Source material:
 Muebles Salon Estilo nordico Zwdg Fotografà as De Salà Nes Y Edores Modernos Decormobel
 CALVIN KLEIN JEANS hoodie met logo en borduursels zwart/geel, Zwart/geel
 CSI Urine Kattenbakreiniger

* * *

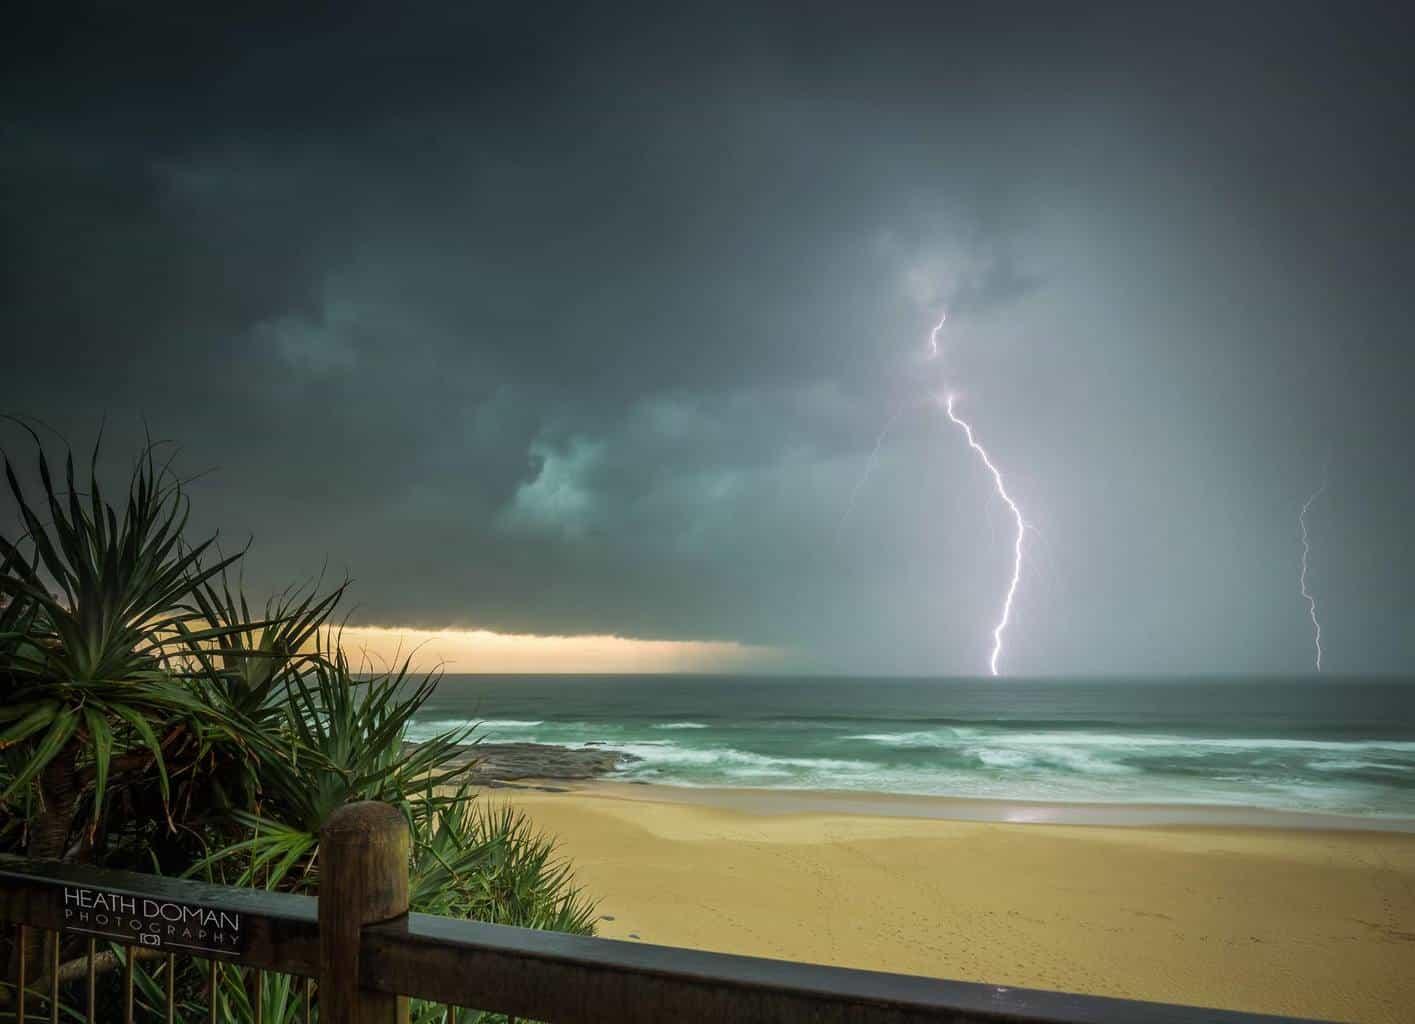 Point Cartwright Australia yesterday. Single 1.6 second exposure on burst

What to produce: Everything above from the line with "CALVIN KLEIN JEANS" to the line with "CSI Urine Kattenbakreiniger", both included, must be repeated exactly, and nothing outside that range.

Exercise response:
 CALVIN KLEIN JEANS hoodie met logo en borduursels zwart/geel, Zwart/geel
 CSI Urine Kattenbakreiniger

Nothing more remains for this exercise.